2.3. Pemberdayaan Masyarakat
Pemberdayaan masyarakat sebagai konsep dalam pembangunan memiliki perspektif yang luas. Menurut Pranarka dalam Roesmidi dan Riza R. 2006,
pemberdayaan diartikan pembangunan kekuasaan yang adil equitable sharing power sehingga meningkatkan kesadaran politis dan kekuasaan kelompok yang
lemah serta memperbesar pengaruh mereka terhadap sumber daya alami dan pengelolaannya secara berkelanjutan. Dari hal tersebut dapat kita pahami bahwa
pemberdayaan menuntut kekuasaan yang adil sesuai dengan kelompok manapun baik kelompok lemah maupun kelompok yang tergolong kuat. Jadi, pembangunan tidak
hanya sekedar ditanggung oleh kelompok yang kuat dan besar, namun segala pihak yang terlibat.

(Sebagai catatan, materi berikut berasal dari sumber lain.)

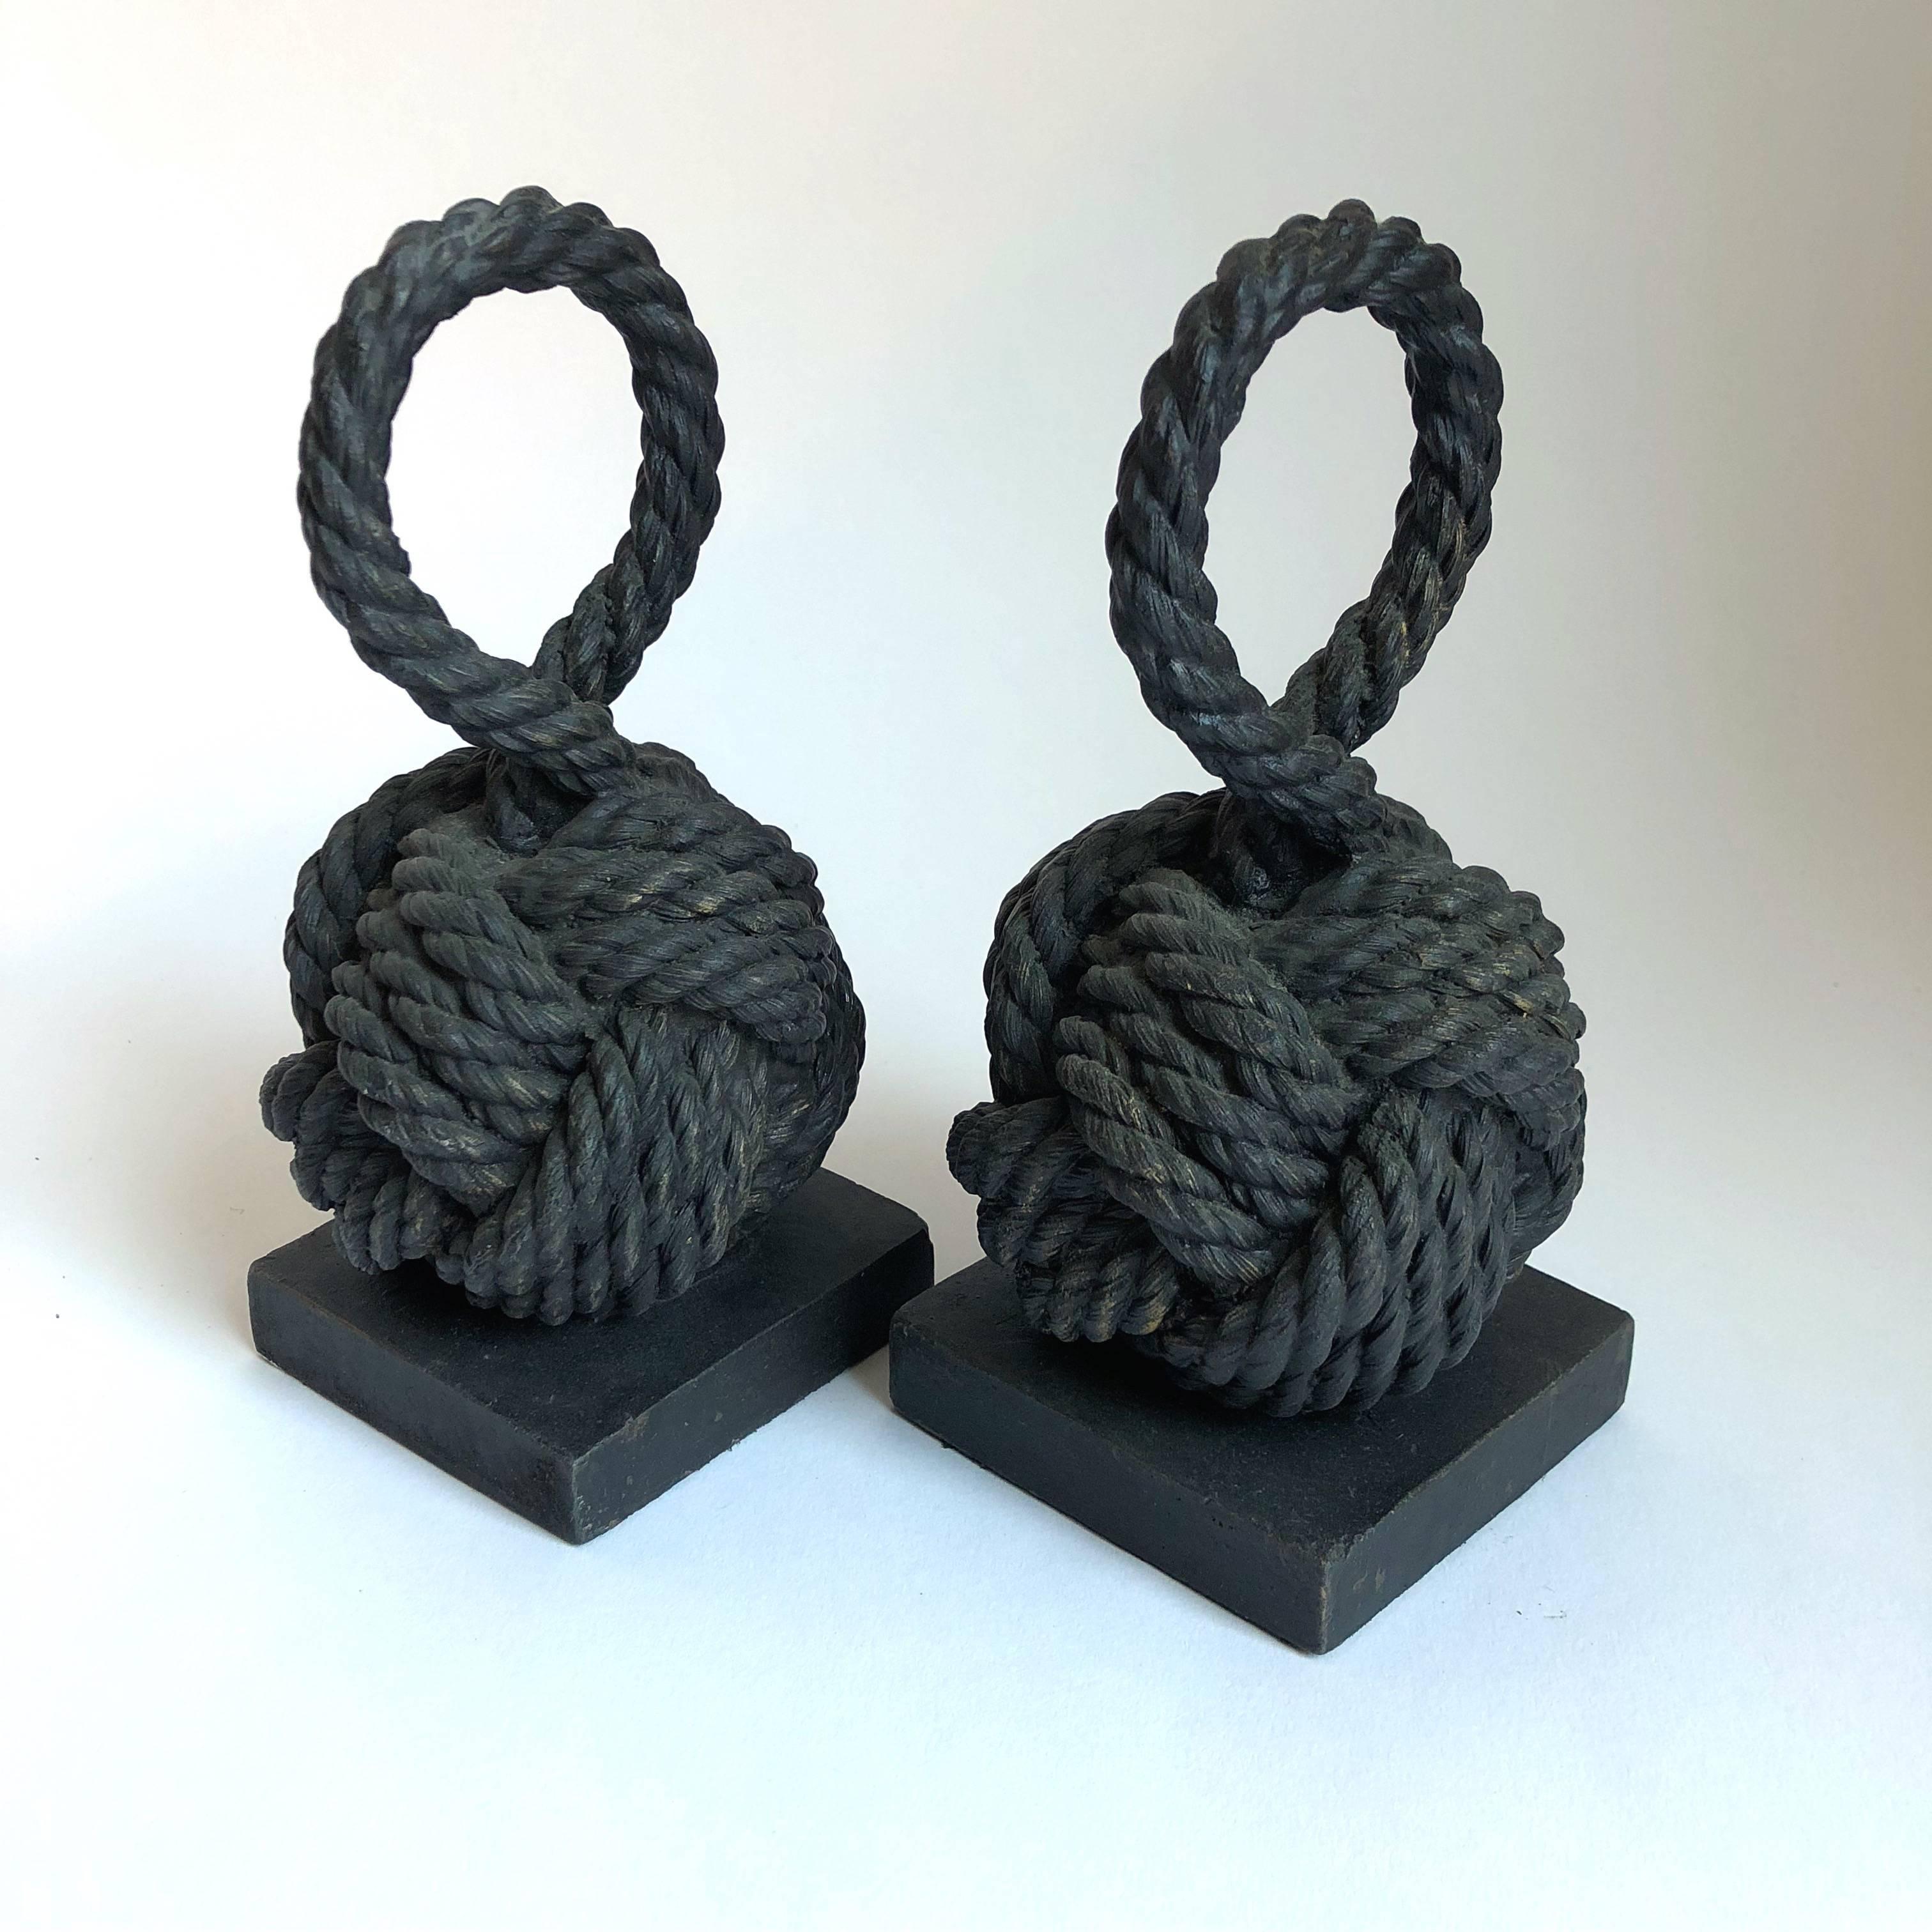 Pair of Bronze Monkey Fist Knot Bookends 2

Menurut konsep John Friedmann 1987, pemberdayaan masyarakat harus berawal dari pemberdayaan rumah tangga yang mencakup tiga hal, yaitu:
a. Pemberdayaan sosial ekonomi yang difokuskan pada upaya menciptakan akses
bagi setiap rumah tangga dalam proses produksi seperti akses informasi, pengetahuan dan ketrampilan, akses untuk berpartisipasi dalam organisasi sosial
dan akses kepada sumber-sumber keuangan. b.

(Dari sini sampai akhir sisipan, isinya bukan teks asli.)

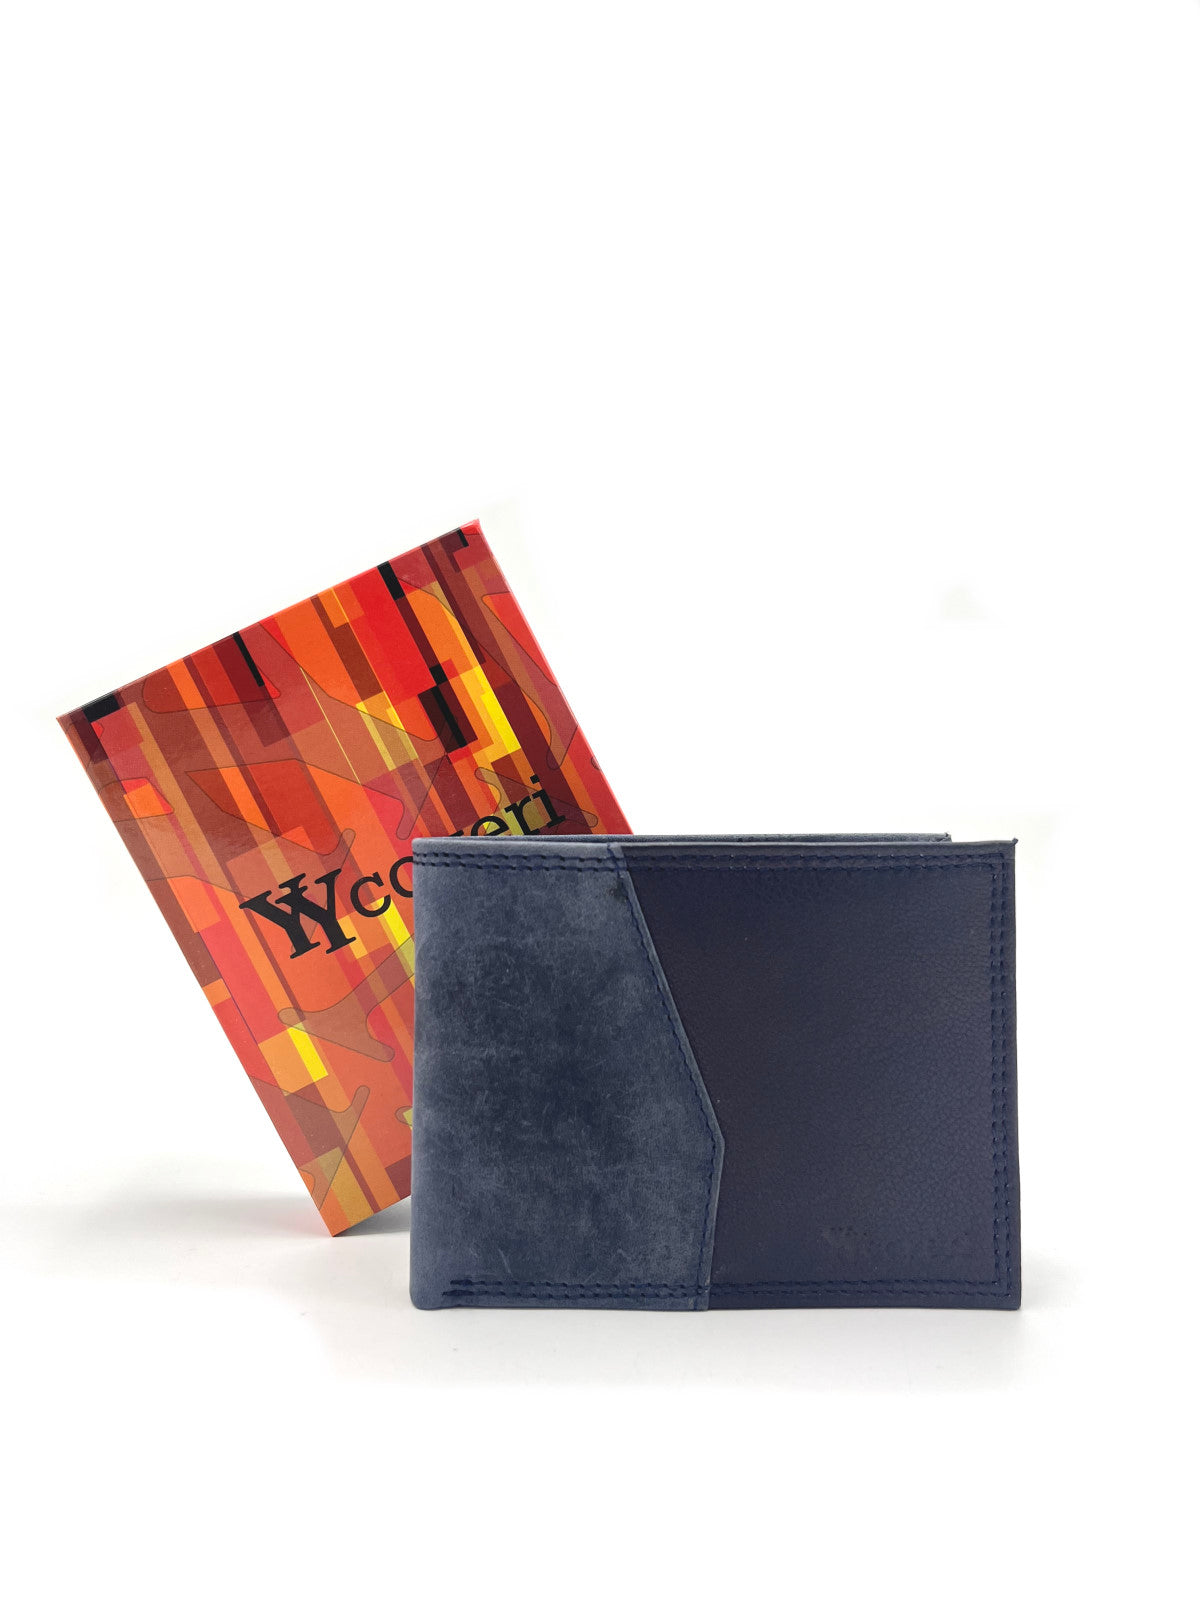 Genuine leather wallet for men, Brand You Young Coveri, art. NETT1123.422

Pemberdayaan politik difokuskan pada upaya menciptakan akses bagi setiap rumah tangga ke dalam proses pengambilan keputusan publik yang
mempengaruhi masa depannya. Pemberdayaan politik masyarakat tidak hanya sebatas proses pemilihan umum, akan tetapi juga kemampuan untuk
mengemukakan pendapat, melakukan kegiatan kolektif atau bergabung dalam berbagai asosiasi politik, gerakan sosial atau kelompok kepentingan.
c. Pemberdayaan psikologis difokuskan pada upaya membangun kepercayaan diri
bagi setiap rumah tangga yang lemah. Kepercayaan diri pada hakikatnya merupakan hasil dari proses pemberdayaan sosial ekonomi dan pemberdayaan
politik. Konsep pemberdayaan merupakan sebuah konsep yang masih terlalu umum
dan tidak menyentuh akar permasalahan. Namun yang terpenting dari konsep pemberdayaan adalah memberikan power kepada yang powerless, karena hanya
apabila memiliki power maka mereka akan dapat melaksanakan proses aktualisasi eksistensi. Konsep ini menjadi pola dasar dari gerakan pemberdayaan atau
empowerment, yang mengamanatkan kepada peluang power dan menekankan keberpihakan kepada yang the powerless. Pada dasarnya gerakan pemberdayaan ingin
agar semua dapat memiliki kekuatan yang menjadi modal dasar dari proses aktualisasi eksistensi.
Pemberdayaan masyarakat pada hakekatnya tidak hanya ditujukan secara individual, akan tetapi juga secara kolektif, sebagai bagian dari aktualisasi eksistensi
manusia. Dengan demikian manusia menjadi tolok ukur normatif, yang menempatkan konsep pemberdayaan masyarakat sebagai bagian dari upaya membangun eksistensi
pribadi, keluarga dan masyarakat bahkan bangsa sebagai aktualisasi kemanusiaan yang adil dan beradab. Oleh karena itu, dalam pemberdayaan masyarakat perlu
pengenalan akan hakikat manusia yang diharapkan dapat memberi sumbangan ataupun menambah wawasan ketika menerapkan konsep atau pada masyarakat.
Secara spesifik pemberdayaan masyarakat juga tertuang dalam Pembangunan Nasional Propenas yang menjelaskan tentang peningkatan pemberdayaan
masyarakat melalui penguatan organisasi, pemberdayaan masyarakat miskin, dan pemberdayaan keswadayaan masyarakat sebagaimana diatur dalam Undang-Undang
Nomor 25 Tahun 2004 tentang Sistem Pembangunan Nasional. Di dalam Undang- Undang tersebut dinyatakan tentang prinsip-prinsip demokratisasi berdasar
kebersamaan, berkeadilan, berkelanjutan, berwawasan lingkungan, serta kemandirian dengan menjaga keseimbangan, kemajuan dan kesatuan nasional.
Kelembagaan yang menangani pemberdayaan masyarakat di tingkat pusat dibentuk Direktorat Jenderal Pemberdayaan Masyarakat Desa yang berada
di lingkungan Departemen Dalam Negeri. Sedangkan di daerah dibentuk Dinas atau Lembaga Teknis Daerah, Badan atau Kantor Pemberdayaan Masyarakat sesuai
dengan kondisi daerah masing-masing.